The burden for the patients, their care providers, and national economies drives the search for novel treatments, as new technologies may provide crucial human and economic benefits. One recent approach is continuous health monitoring, such as continuous glucose monitoring (CGM). A striking example is the recent proposal by Google: a biosensor implanted into contact lenses to determine tear glucose levels and transmit the data to a pump in the patient’s body. The pump will inject the required level of insulin, the missing hormone. This device circumvents the multiple daily blood tests and injections currently necessary with certain types of diabetes. Will the diabetes problem be solved simply by a contact lens? Well, life may be more complex.

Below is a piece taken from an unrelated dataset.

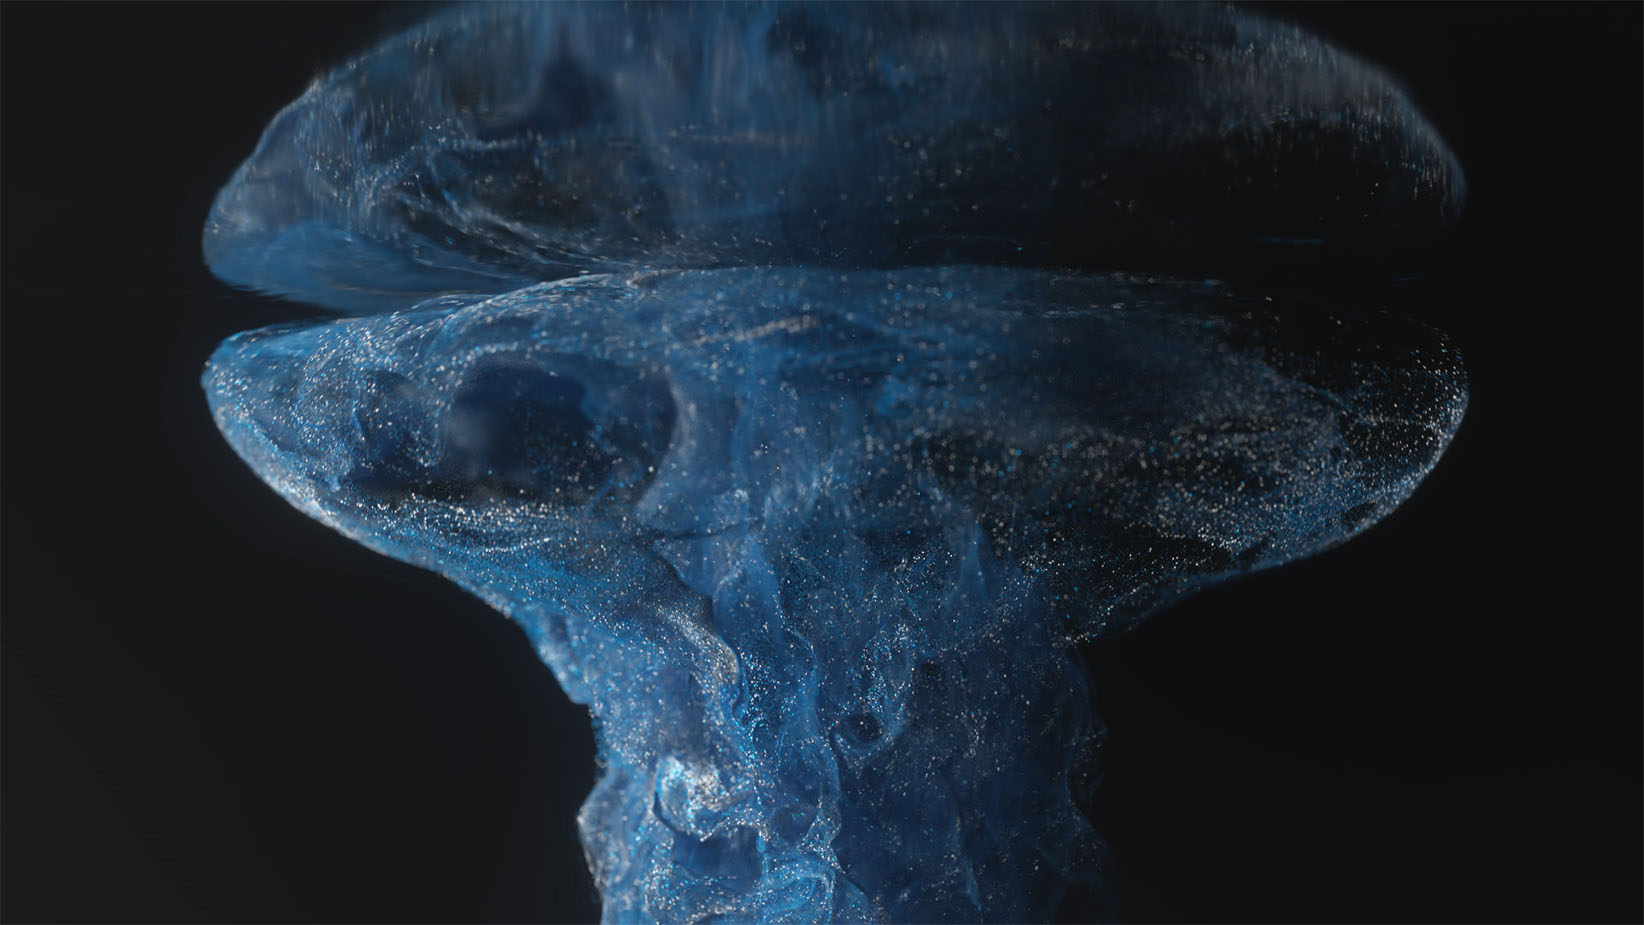 AOID_DR_Particles_v02

Let’s have a look at what diabetes is to grasp the problem. There are two major forms of the disease: type 1, caused by the destruction of insulin-producing beta-cells in the pancreatic islets, and type 2, caused by insufficient insulin release and reduced efficacy of the hormone. Type 2, the major form, is often found in older patients, and a panel of lifestyle interventions and drug therapies are available as treatment. In contrast, type 1 surfaces earlier in life and requires hormone replacement therapy by insulin injections. As insulin is extremely potent and can cause brain damage and death by hypoglycemia, glucose levels have to be controlled very precisely, requiring constant blood sampling, which is a cumbersome burden for patients. Although fewer patients are afflicted with type 1 diabetes, still some 80,000 children develop the disease each year and numbers are on the rise. This situation provides a strong impetus to develop CGM via sensors that determine the amount of insulin to be injected. A number of different physicochemical methods have been explored for noninvasive approaches: surface-enhanced Raman, thermal or impedance spectroscopy, fluorescence, reverse iontophoresis, and photoacoustic or electromagnetic sensing. In general, these approaches are elegant but suffer from lack of specificity, problems in miniaturization, or provoke major local reactions impeding their use.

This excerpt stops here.